Der Virey sah sie finster an.

»Er soll nicht bloß geschont, oder, wie Sie sagen, vorsichtig behandelt, er soll sogar flattiert werden, wie es kein Grande Mexikos noch je war«, sprach sie.

»Und die Mittel und Wege?« fiel der Schwager schnell und im höchsten Grade gespannt ein.

»Ein Ball«, versetzte die Doña.

»Ein Ball, Papa! Ein Ball!« riefen die Töchter, während ihn die Gattin zweifelnd ängstlich ansah.

»Ein Ball?« fragte der Virey erstaunt: »Jetzt? Doña Isabel!«

»Jetzt, Señor Vanegas, oder vielmehr sobald die Nachricht von der Niederlage der Rebellen eintrifft, an demselben Tage, an dem das Tedeum gefeiert wird.«

»Ja, das ginge«, erwiderte der Virey.

»Mit dieser Siegesfeier würde eine Art Versöhnungsfest verbunden, ein allegorisches Versöhnungsfest«, flüsterte lächelnd die Doña.

»Noch immer sehe ich aber nicht ein – –« bemerkte der Virey.

»Das wundert uns von der superfeinen Exzellenz«, spottete die Doña; »doch werden Dieselben begreiflich finden, daß die Partien eines Balles so arrangiert werden können, daß vorbereitende Entrevues notwendig werden?«

»Ah, nun begreifen wir! Sehr gut, herrlich.«

»Es gibt interessante Verwicklungen, deren Denouement uns sodann überlassen bleibt; diese Verwicklungen bringen den Conde in unmittelbare Berührung – –«

»Sublim!« brach nun der Virey aus: »Ja, ja, das wäre eine ganz charmante Entreprise, ma belle-soeur! Immerhin muß jedoch der Sieg abgewartet werden; denn wir haben kein Beispiel in der Hofgeschichte Mexikos und der Madre Patria, kein Präzedens, daß, während der Feind die Hauptstadt blockierte – –«

»Und nennt Señor Vanegas diese Rebellen einen Feind?« fragte die Doña stolz.
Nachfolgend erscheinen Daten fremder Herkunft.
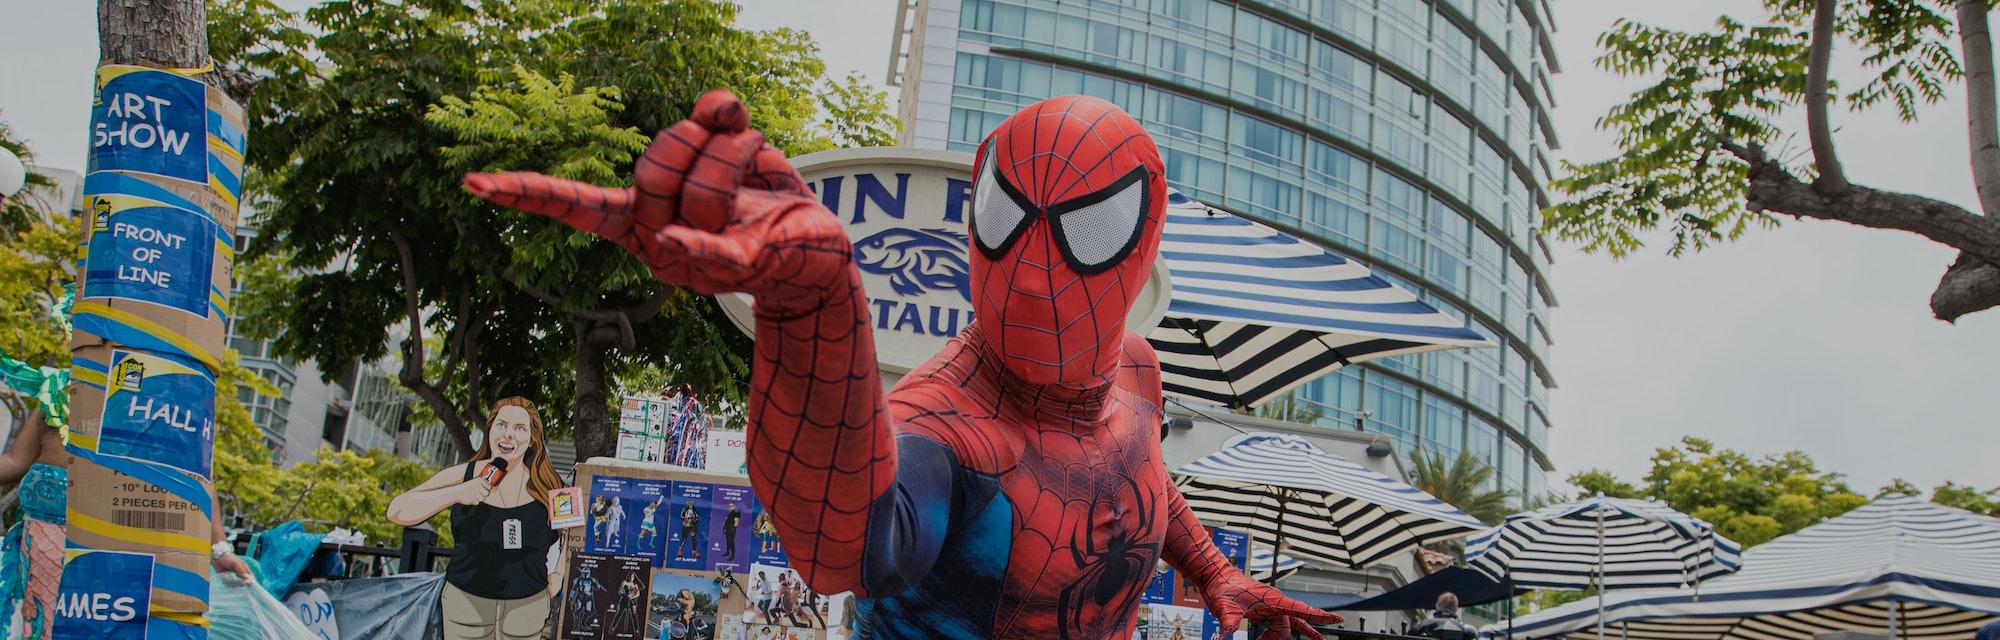 SAN DIEGO, CALIFORNIA - JULY 24: Cosplayer Derek Shackelton as Spiderman poses at the San Diego Caus...

»Freunde sind sie wahrlich nicht«, versetzte der Virey kopfschüttelnd; »auch fängt unsere Lage an, bedenklich zu werden. Señor Calleja besorgt – sie kämpfen wie Verzweifelte –« Er stützte sein Haupt in seine Hand und versank in Nachdenken. »Pah!« tröstete er sich. »Müssen viele eher fallen, ehe die Reihe an uns kommt.«

»Diese abscheulichen Rebellen!« jammerten die Töchter.

»Mein Gott!« wehklagte die Mutter. »Lieber! Wie Sie auf einmal alteriert werden; sind Sie leidend. Teurer?«

»Es ist nichts, gar nichts«, erwiderte der Virey schwach.

»Nichts, sagen Sie? Nichts? Sehe ich denn nicht mit eigenen Augen? Juan! Pablo! Ximénez! Antonio!«

»Stille!« sprach der Gatte. »Eine kleine Spazierfahrt in den Paseo nuevo wird uns wieder aufheitern bis zur Kamarillastunde. Zuvor müssen wir jedoch noch einen Augenblick in die Staatskanzlei.«

»Und wieder in die Staatskanzlei, und wieder Geschäfte, und nichts als Geschäfte; Sie werden sich doch gewiß noch töten!« seufzte die Gattin, indem sie zugleich den Gatten mit so bekümmerten Blicken ansah, daß dieser, um die Liebenden zu beruhigen, notwendig wieder ganz heiter werden mußte, was ihm denn auch zum Erstaunen wohl gelang.

»Adios, meine Holden!« versetzte er zärtlich, sich erhebend und der Türe zutanzend; »und Ihnen, Schwägerin, einstweilen unsern Dank für den ganz divinen Einfall. Ja, Großes kann bewirkt werden; wir selbst wollen uns mit der Angelegenheit sehr ernst beschäftigen. Adios!« wiederholte er nochmals, den Lieben, Teuren Handküsse aus der Türe zuwerfend, hinter welcher er nun verschwand, um sich den schweren Regierungsgeschäften zu unterziehen und sich mit der Angelegenheit zu beschäftigen, durch die so Großes bewirkt werden sollte, und dieses mitten in einem Revolutionsbrande, der das ganze Reich ergriffen und dessen verzehrende Flammen bereits an die Tore der Hauptstadt heranleckten; eine Verkehrtheit, die, so absurd frivol sie erscheinen mag, doch in der Geschichte dieses Landes zu sehr bewährt ist, als daß wir sie in Zweifel ziehen könnten, selbst wenn nicht die Hofchronik anderer Länder uns gleichermaßen belehrte, mit welchem Leichtsinne die Schicksale so mancher Völker gelenkt und bestimmt werden.

Nach zehn Minuten erschien die vizekönigliche Personnage wieder zum Troste der lieben Familie, die unterdessen ihren Schmerz an der Toilette besiegt hatte. Während dieser Zwischenzeit waren die Equipagen vorgefahren, die Leibgarde aufgezogen und die quasi-königliche Familie bestieg die ersteren, und rollte in Begleitung der letztern über die Plazza der Tacubastraße zu, mit all dem Pompe und in dem schnellen Galoppe, in dem der König der beiden Indien selbst seinen halböden Palast verläßt, und der alljährlich einigen Dutzenden seiner getreuen Leibwachen und Untertanen ihr elendes Leben kostet.